Martin,
Sorry that I'm responding to this so late.
The 475 million word Corpus of Historical American English https://www.english-corpora.org/coha/ (COHA) has about 220 million words of fiction from the 1820s-2010s (see information on the number of texts and words by decade below). Nearly all of the texts from the 1820s-1980s are novels, whereas there are more short stories from the 1990s-2010s. Full information (for all texts) can be found here https://www.english-corpora.org/coha/files/sources-coha-2020.zip.

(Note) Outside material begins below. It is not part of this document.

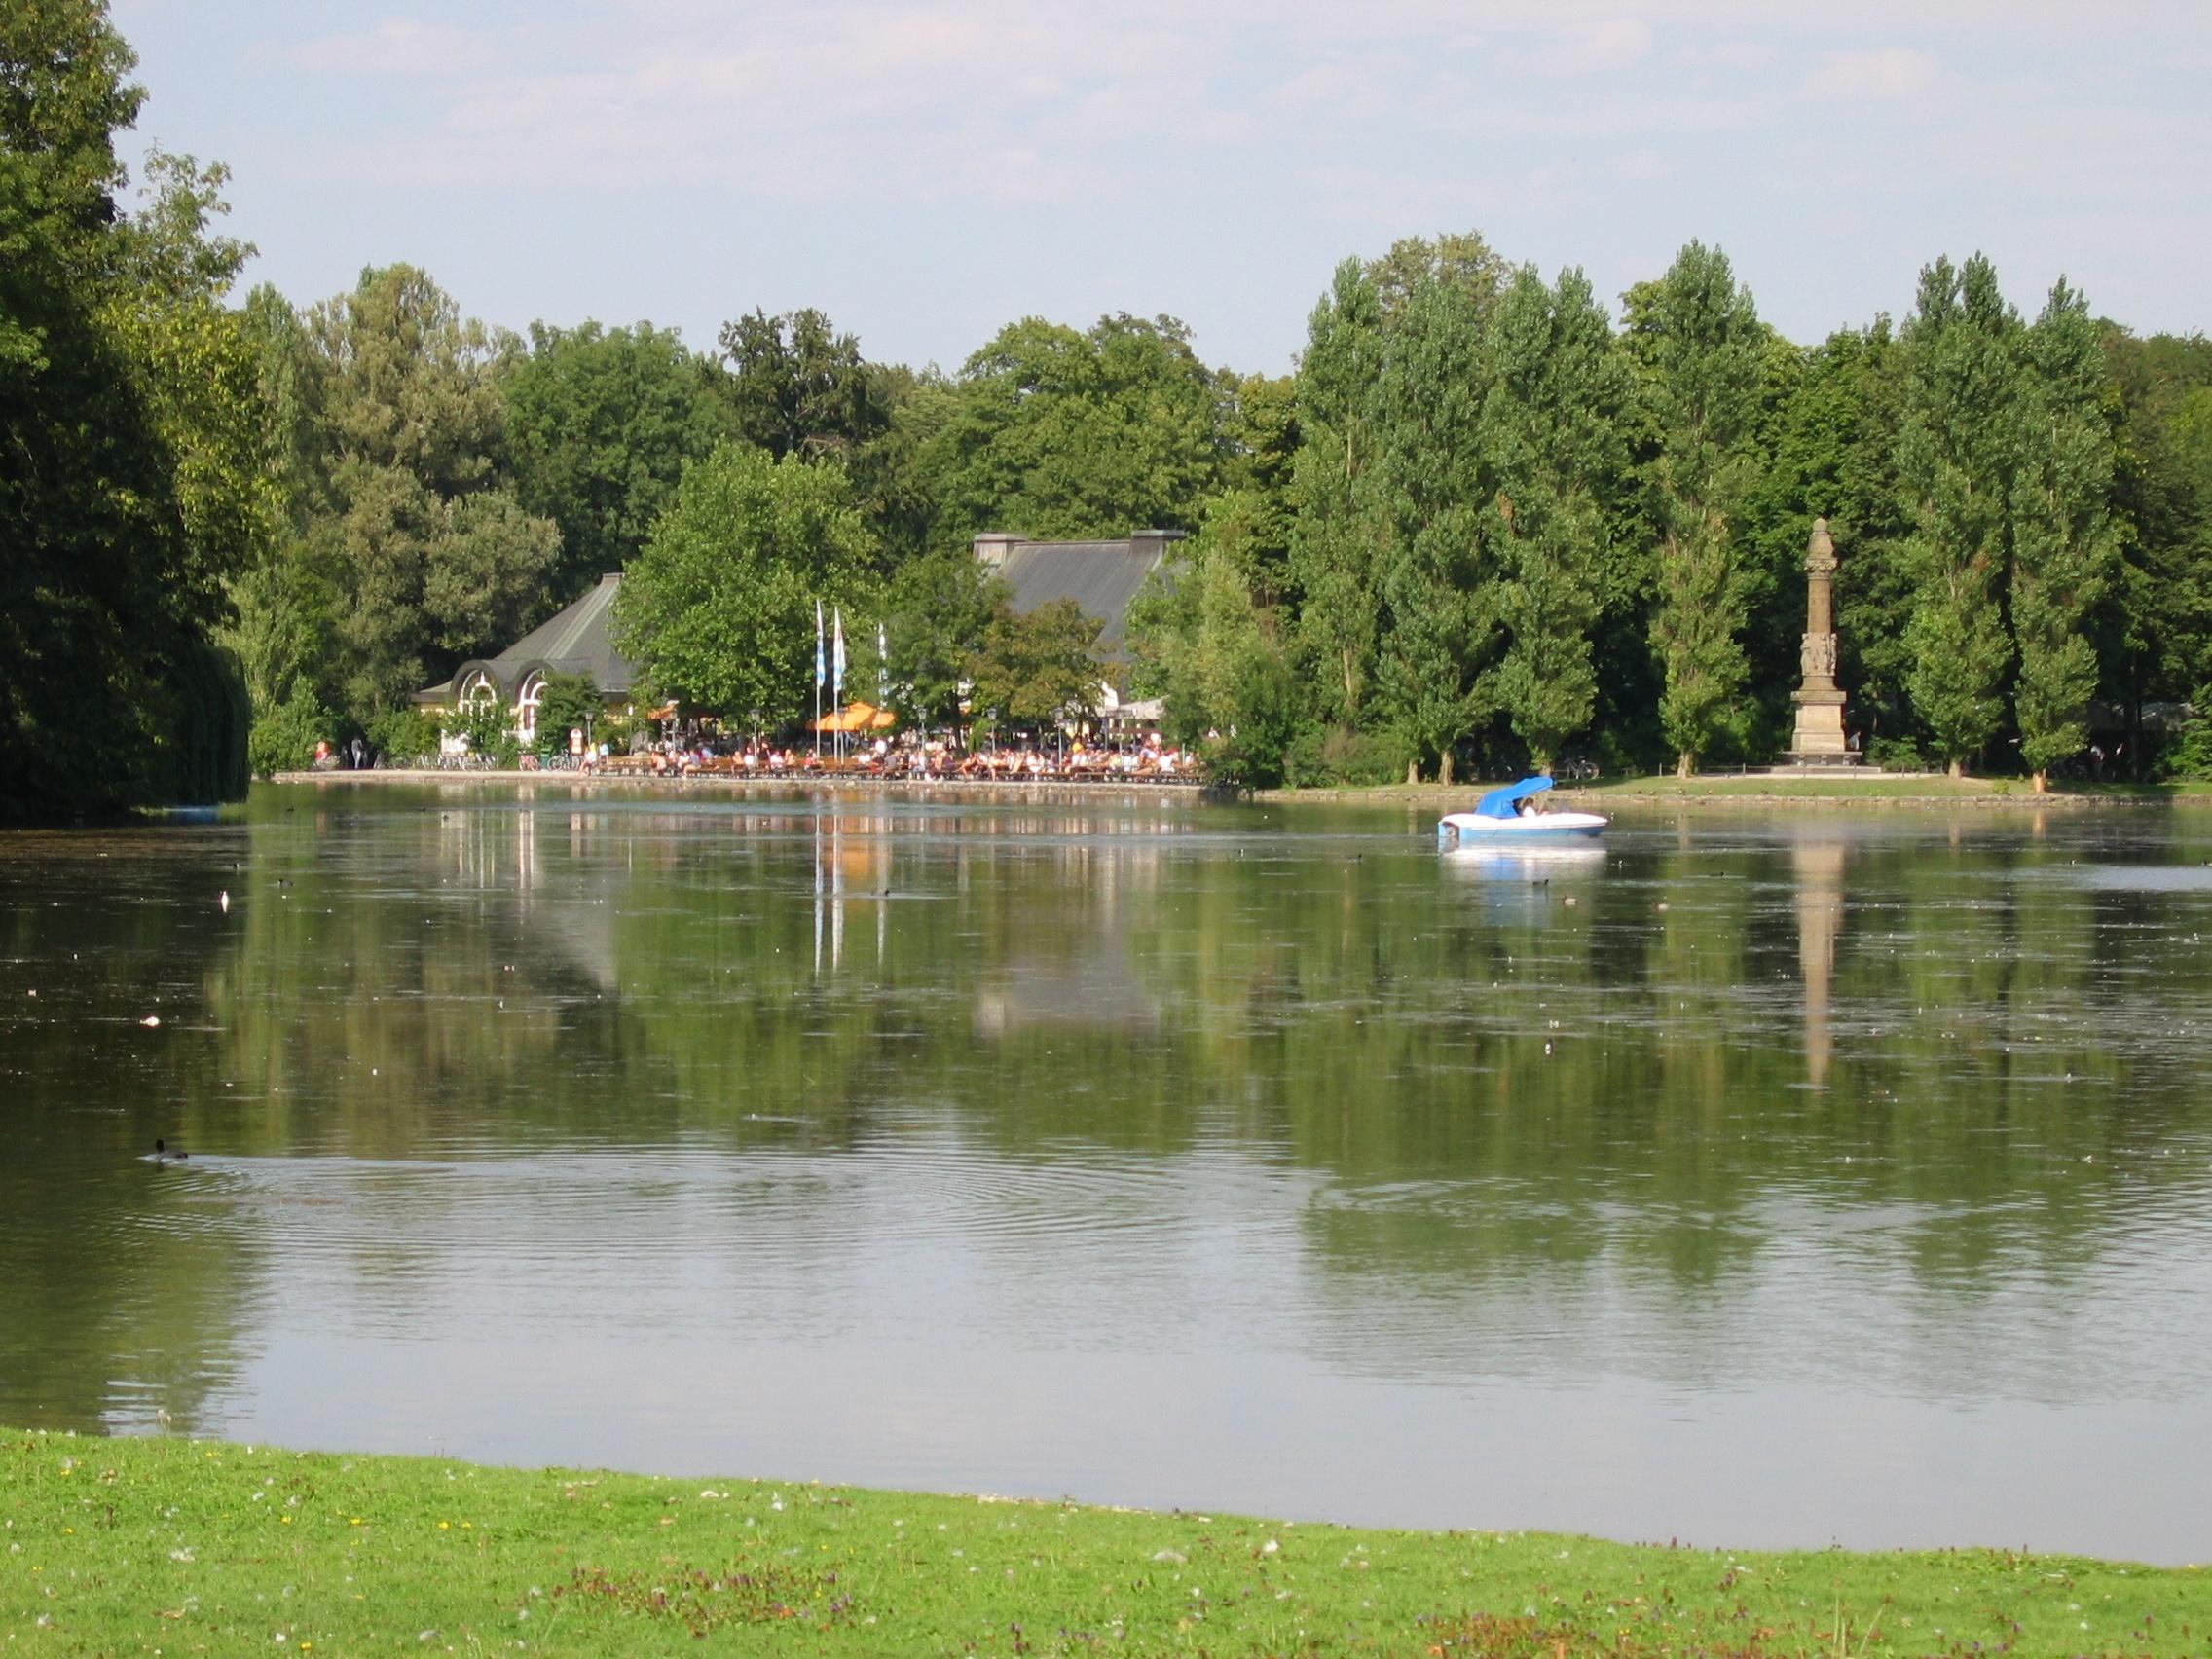 Seehaus Im Englischen Garten Luxus File Kleinhesseloher See Mit Denkmal Und Biergarten

Full-text (downloadable) data can be found at CorpusData.org https://www.corpusdata.org/ as well as the Univ Stuttgart https://www.ims.uni-stuttgart.de/en/research/resources/corpora/ccoha/.
Best,
Mark Davies English-Corpora.org
------------------------------------------
decade #texts #words 1820s 90 3,778,554 1830s 179 7,492,464 1840s 243 8,615,569 1850s 151 9,175,764 1860s 249 9,279,356 1870s 217 10,454,445 1880s 264 11,204,077 1890s 257 11,261,720 1900s 266 12,096,794 1910s 296 12,266,683 1920s 281 12,668,146 1930s 533 11,959,731 1940s 420 12,030,426 1950s 470 12,014,411 1960s 403 11,652,761 1970s 335 11,652,921 1980s 334 11,664,130 1990s 1711 13,337,688 2000s 4224 14,624,639 2010s 3672 15,150,555 TOTAL 14595 222,380,834
From: Martin Wynne via Corpora corpora@list.elra.info
Sent: Sunday, October 27, 2024 8:11 AM To: corpora@list.elra.info Subject: [Corpora-List] Corpora of English novels
I have a student who is interested in tracing the development of the
English novel from its origins to the present day (or at least to the start of the twentieth century), and I'm trying to gather information about relevant corpora covering this text type and period.
We know about the European Literary Text Collection (ELTeC,
https://www.google.com/url?q=https://www.distant-reading.net/eltec/&sour...) which will be very useful for the later end of the timescale. We also know it is possible to assemble a corpus from Project Gutenberg, archive.org, Oxford Text Archive, etc.
, but would be interested in re-using any corpora that people might
already have made, which aim to be representative of particular periods within this genre.
The student has some flexibility with her research question, so while
the original idea of 'English novels' was probably 'novels in English from Great Britain and Ireland', other related areas such as US novels might be interesting as well.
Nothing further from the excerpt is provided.